The bottom line is: you start with messy data, run it through structured processing steps, and finish with clean, verifiable results.

1. Give the MCP your raw list of Brazilian IDs. The system first runs this through the cleaning stage to strip away all dots and dashes.
2. Next, you can send that cleaned data through the formatting tool. This step applies standard masks so the numbers look correct for a user interface.
3. Finally, the output is passed to the validation checker. You get back a report detailing which IDs are valid and if any duplicates were found.

## Frequently Asked Questions

**How do I clean a batch of CPF numbers using `clean_batch`?**
`clean_batch` strips all non-numeric characters from your list, leaving only the pure digits. This is what you use when loading data into a database that doesn't accept formatting.

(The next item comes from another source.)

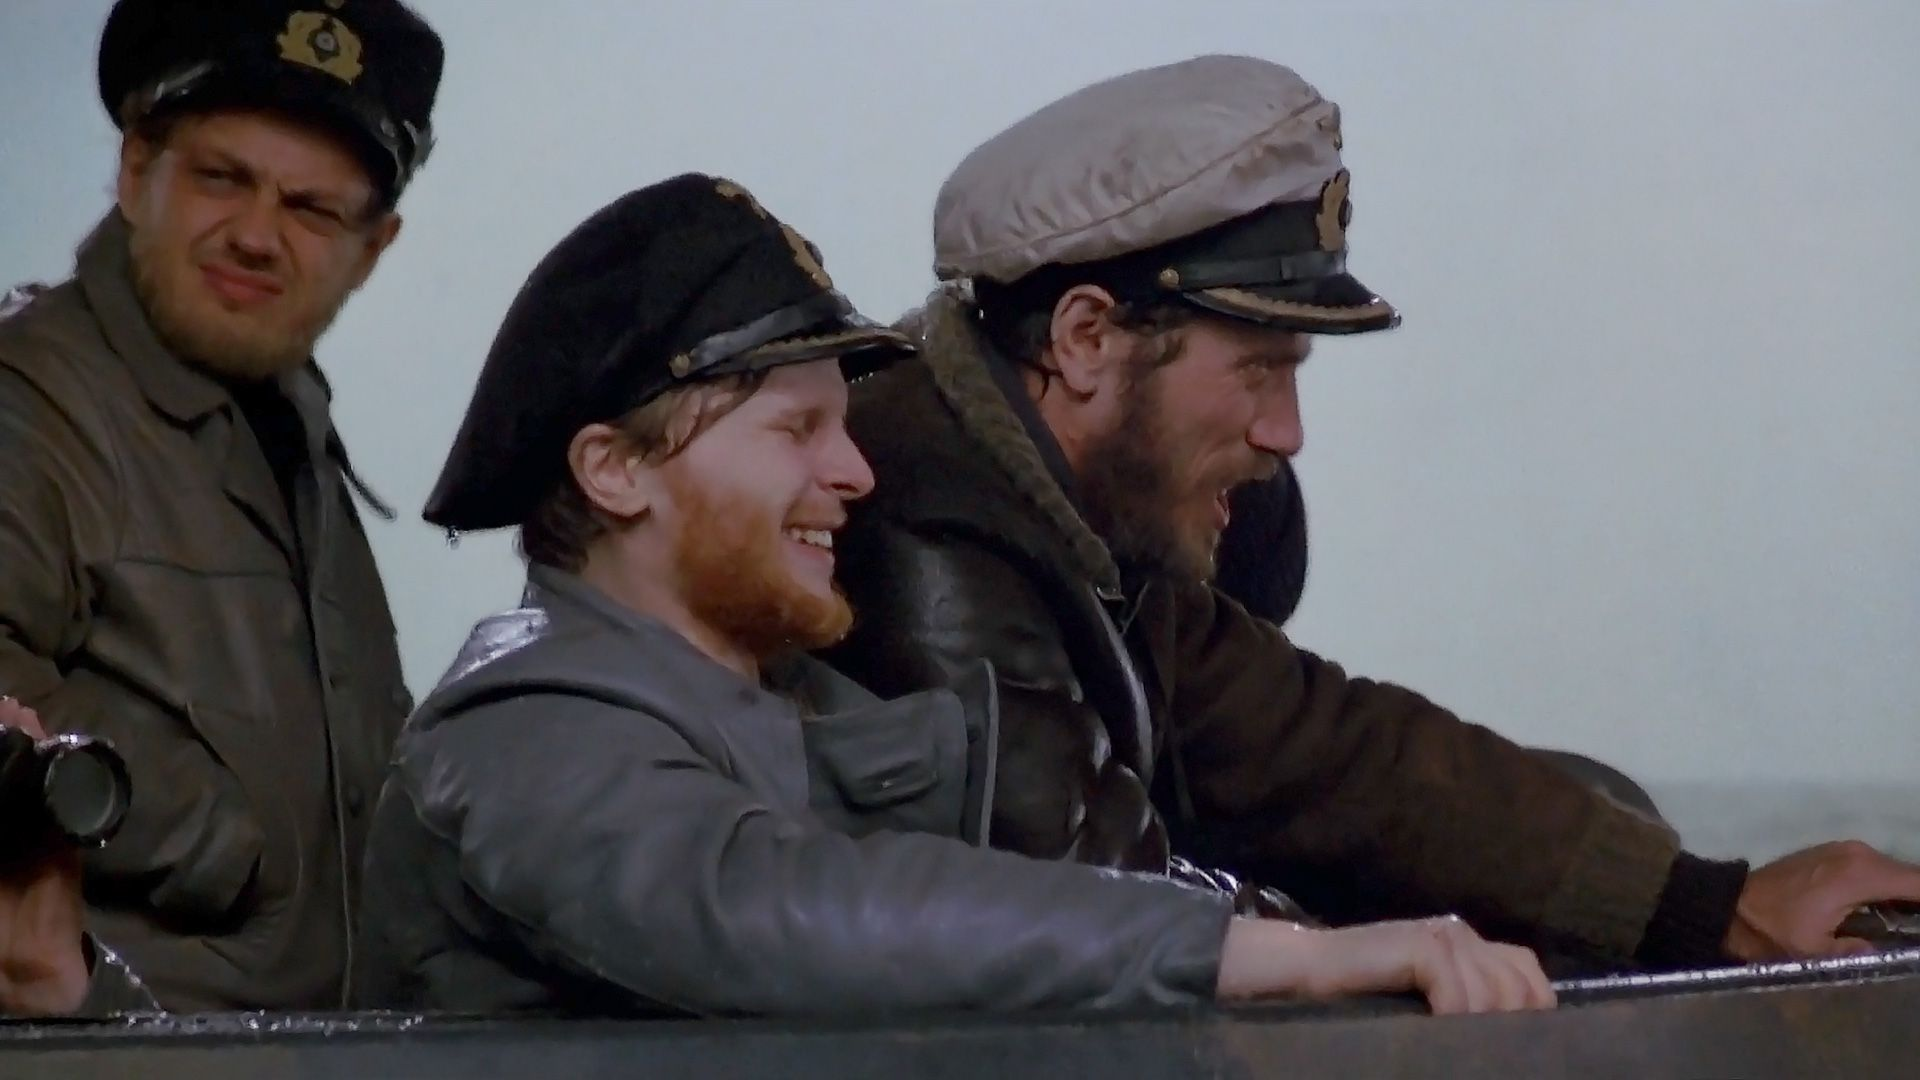 Uwe Ochsenknecht Das Boot

**Can I validate CNPJ numbers in bulk with `validate_batch`?**
Yes, `validate_batch` handles both CPF and CNPJ identifiers. You give it the list, and it returns a clear report on which are valid or if there are duplicates.

**What is the difference between `clean_batch` and `format_batch`?**
`clean_batch` removes structure (it strips dots/dashes). `format_batch` adds structure back in (it puts dots/dashes) to make the data human-readable.

**Do I need to run all three tools?**
Not always. If your source data is already clean and formatted, you might only need `validate_batch`. But for maximum safety, running them in sequence is best practice.

**If I use `validate_batch` with identifiers that aren't CPF or CNPJ, what does it do?**
The function returns validation failures for those inputs. It strictly checks against known Brazilian ID formats and will flag any non-conforming numbers immediately.

**Are there rate limits when running `clean_batch` on a very large dataset?**
Yes, high volume usage is subject to standard API rate controls. For massive datasets, we recommend breaking your input into smaller, manageable batches.

**What specific mask does `format_batch` apply when formatting CPF numbers?**
It applies the standardized 123.456.789-01 format. This ensures that every single number you receive is instantly readable by a human.

**How does `validate_batch` report if there are duplicate IDs in my list?**
The response object explicitly flags any identifier found more than once. You get immediate confirmation of duplicates right alongside the validation status.